For the most focused studies, involving from one to maybe four SNPs, geneticists have several options. One is Idaho Technology's Hi-Res Melting.
According to lead scientist Cameron Gundry, Idaho Technology supports two different assays based on the method, small amplicon genotyping and Lunaprobe genotyping. Both are PCR-based, and both depend on a high resolution melting saturating dye such as LCGreen Plus, whose fluorescence intensity is stronger when bound to double-stranded DNA than free in solution.
In Lunaprobe genotyping, an unlabeled primer that covers the SNP region is annealed to the amplified product at the end of the PCR reaction. The system then measures fluorescence intensity as it slowly heats the annealed complex, calling the SNP based on the fact that a slightly mismatched DNA duplex (i.e. one in which the SNP does not correspond to the probe) will have different melting properties than will a perfectly complementary one.
"If it's a perfect match, you're going to have a higher melting temperature because it's bound much more tightly to its complement, whereas if it's sitting over where the mismatch is, there's some instability there because it's not a perfect match, and so therefore the melting temperature … is going to be lower," says Rachel Jones, Vice President of Sales and Marketing.
Another option is Applied Biosystems' TaqMan® chemistry. TaqMan involves four oligonucleotides: two PCR primers and two allele-specific dye-labeled probes, one for each SNP allele. Each allele-specific probe is tagged on one end with a fluorescent dye, and on the other with a fluorescent quencher that snuffs out the fluorescence. During amplification, whichever probe corresponds to the allele can hybridize to the template, between the two amplification primers; when the polymerase reaches the probe, it degrades it, releasing the fluorophore into solution.

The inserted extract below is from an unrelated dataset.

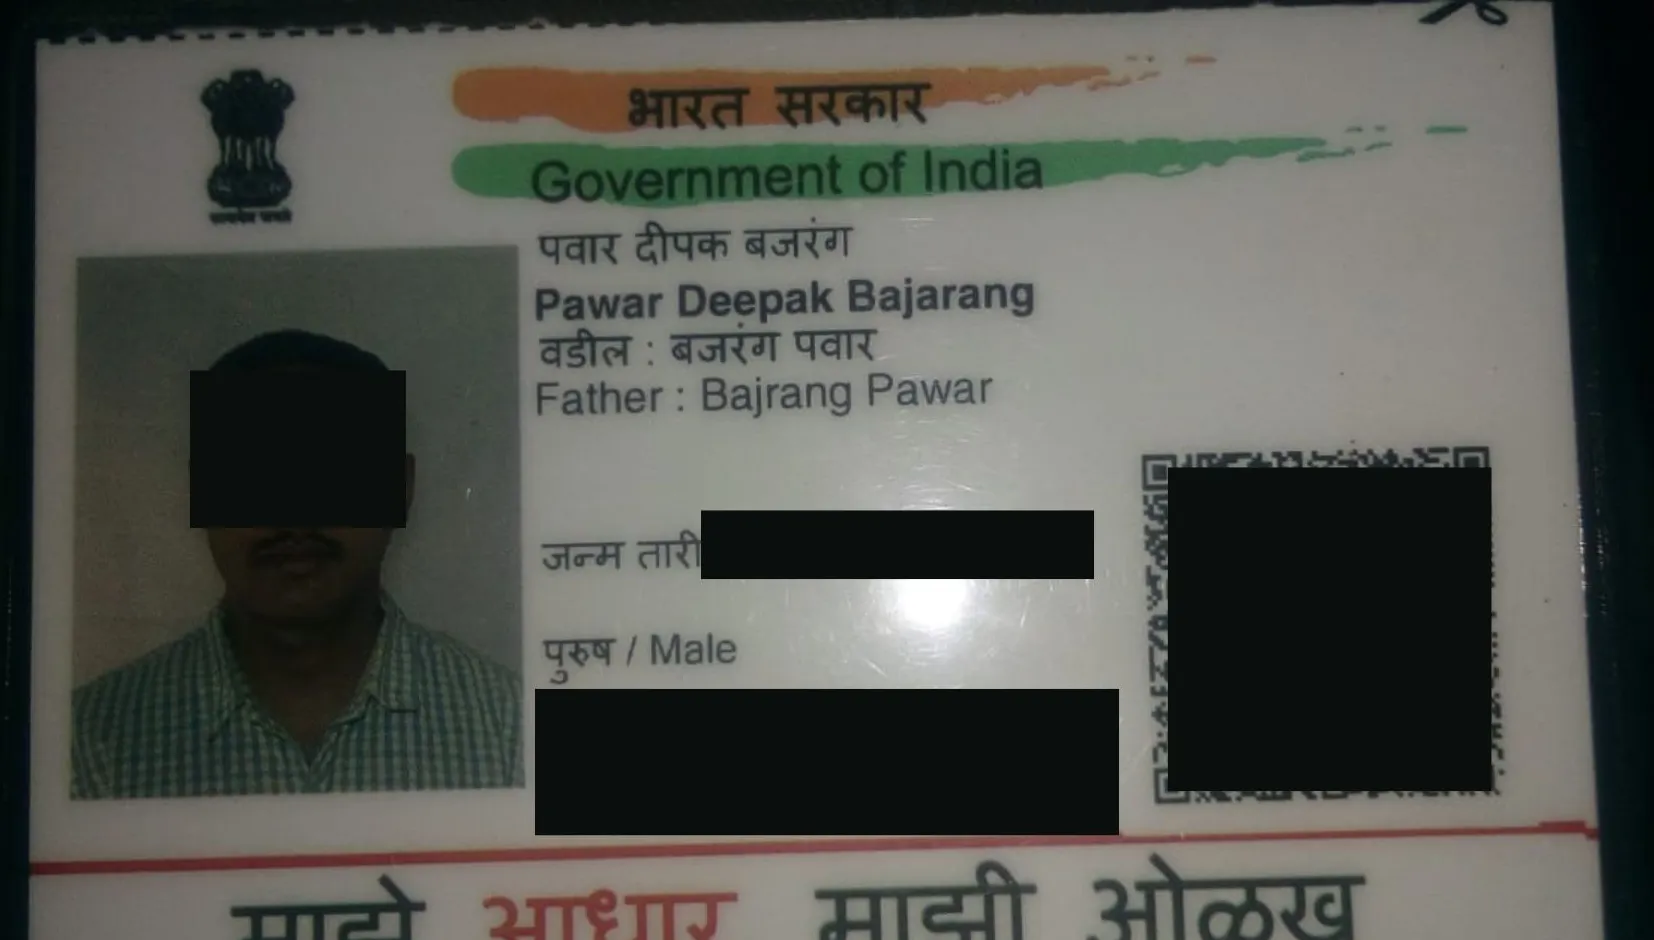 One of the ID cards shared by the scammer.

According to Phoebe White, the company's Senior Director of Genotyping Applications, TaqMan is a one-tube, one-SNP assay. Yet it also is "very accurate, very clean," and "You don't need specialized equipment." And users could hardly ask for more variety; Applied Biosystems' catalog has swelled to more than 4.5 million TaqMan assays, she says.
Recently Applied Biosystems announced the launch of the TaqMan OpenArray Genotyping platform, a nanofluidic array that enables customers to perform TaqMan genotyping at much higher throughput and lower cost per genotype than previously possible. "What this technology does is effectively multiplex the assay so you can interrogate up to 256 SNPs per sample," she says.
With so many tools and reagents to choose from, the stories of the human genome have never been easier to read.